Штурман побежал наверх, на полуют. Михель Шредер уже разглядывал в подзорную трубу два больших фрегата, которые только что вынырнули из-за очередного острова и теперь мчались наперерез каравану. Носы двухпалубных, вытянутых в длину парусников украшали фигуры орлов, а не львов, как у английских или голландских судов. Это могли быть французы; выкрашенные светло-голубой краской борта кораблей подтверждали такое предположение. Каждый борт щетинился двадцатью четырьмя орудиями, выглядывавшими из открытых портов. И, конечно же, на палубах у них были установлены более легкие аркебузы… Шредер ясно различал в подзорную трубу зияющие жерла пушек. Намерения у этих невесть откуда взявшихся незнакомцев были явно не из лучших, к тому же ни на топах стеньг, ни на кормовых флагштоках флагов не было.

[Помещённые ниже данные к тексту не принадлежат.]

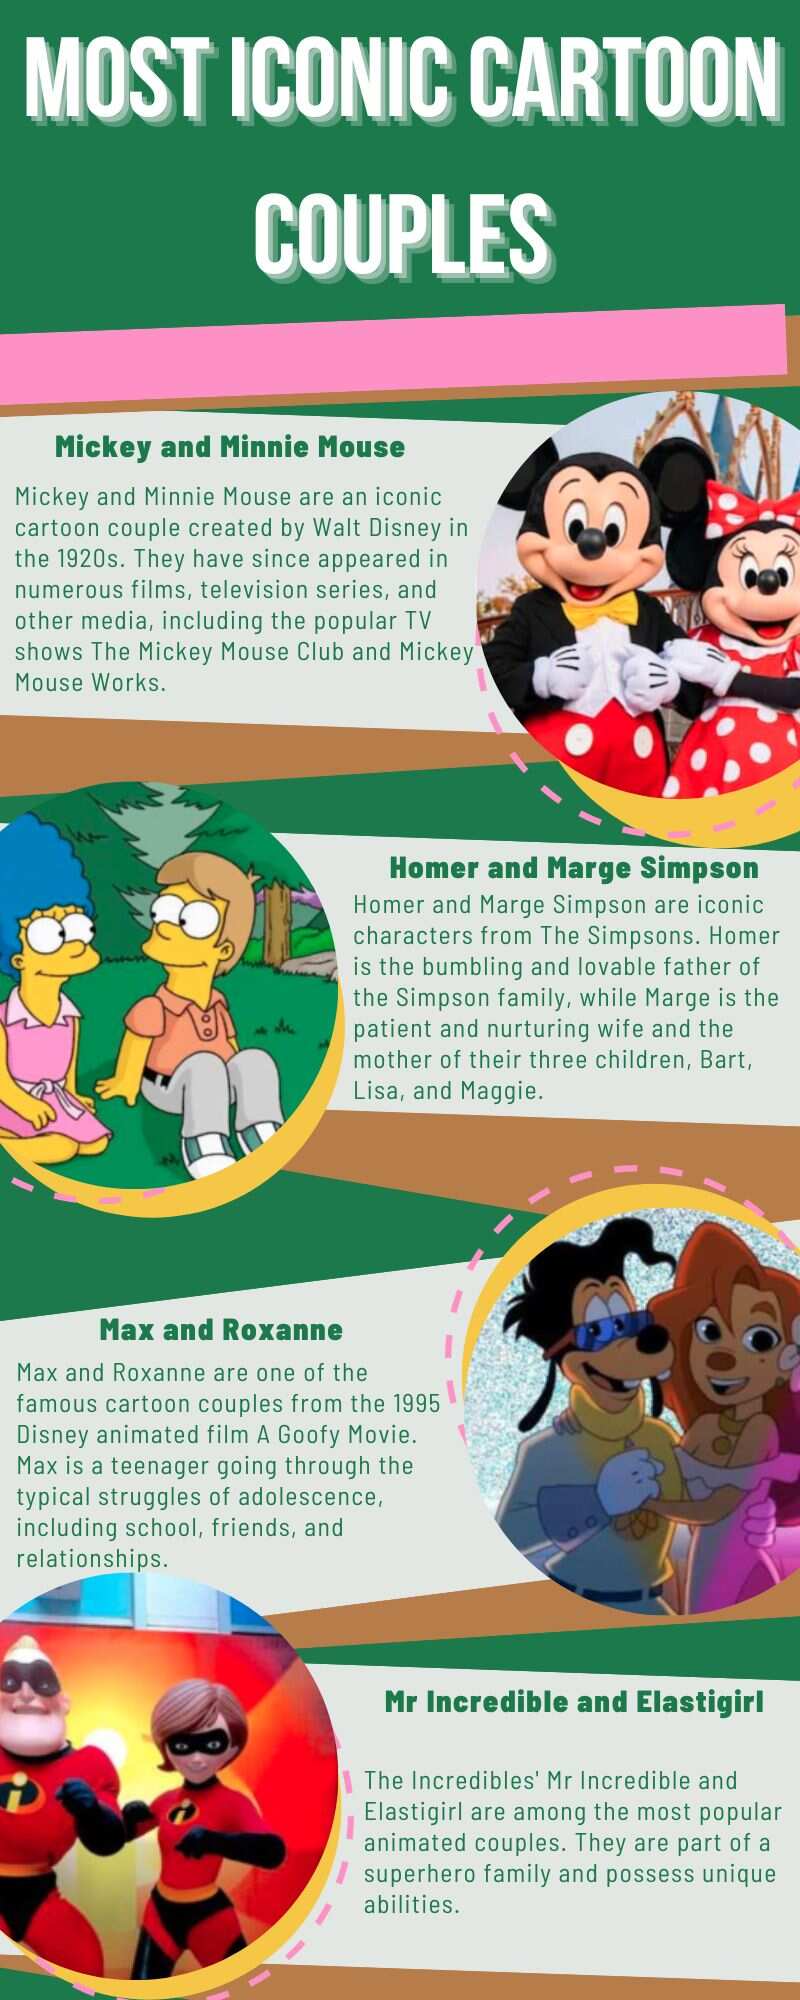 Most iconic cartoon couples

Шредер решил, что это французские корсары, которые в этих местах обычно охотились за испанскими и португальскими кораблями. Хотя всехристианнейший «король-солнце» Людовик ХIV и не питал дружеских чувств к испанцам, все же в то время Франция и Испания не воевали между собой. Впрочем, вопросы войны и мира всегда мало интересовали морских разбойников с каперскими патентами, а французскому королю их неразборчивость была только на руку. Во-первых, они наносили урон испанцам, а во-вторых, исправно отдавали королю десятую часть награбленной добычи. Поэтому корсарские капитаны чаще всего вообще не интересовались, на чей корабль нападают.
Гамбуржцы, в свою очередь, тоже могли не ломать головы насчет того, чьи это корабли: французских ли корсаров, или алжирских пиратов. Разница могла заключаться только в их последующей судьбе: если это французы, то они попадут на скамьи французских гребных галер, если алжирцы — алжирских. Спорить можно было бы лишь о том, где придется хуже. Ну, а тем, кому суждено пасть от пули, и вовсе безразлично, из какого мушкета она вылетит, тем более что алжирцы чаще всего обзаводились огнестрельным оружием у тех же французов.
Внезапное появление обоих фрегатов мгновенно развеяло сонное оцепенение, царившее на палубах гамбургских торговых кораблей. Известие о предстоящем конце света не произвело бы, пожалуй, большего фурора. Началась суматошная беготня. Капитаны и их помощники надрывались, стараясь перекричать друг друга, и отдавали при этом бестолковые приказы, которые только усугубляли переполох. Лишь в одном, как казалось, никого не надо было убеждать, а именно — в необходимости немедленно спускать на воду шлюпки. При иных обстоятельствах можно было бы только позавидовать той быстроте, с которой это было сделано.
Тем временем оба фрегата пронеслись перед самым форштевнем «Морской ласточки», и Симон Рике совсем потерял от страха голову: на топах стеньг и на кормовых флагштоках уже реяли зловеще-зеленые алжирские флаги.
— Что будем делать, адмирал? Какие будут приказания? — Симон Рике даже не понял, чего от него хочет штурман, будучи не в силах оторвать взгляд от фрегатов, которые, пройдя с кабельтов, повернули и зарифили паруса. Теперь они находились с наветренной стороны, выгодной для нападения, и выжидали удобный момент для атаки.
— Что делать? — словно эхо отозвался Симон Рике. — О Боже, что делать?! Стоит ли нам вообще за-защищаться, штурман, они ведь перестреляют нас, как за-за-зайцев?
Звуки с трудом вылетали из сдавленного ужасом горла адмирала. Однако штурман был не из робкого десятка и не поддался панике.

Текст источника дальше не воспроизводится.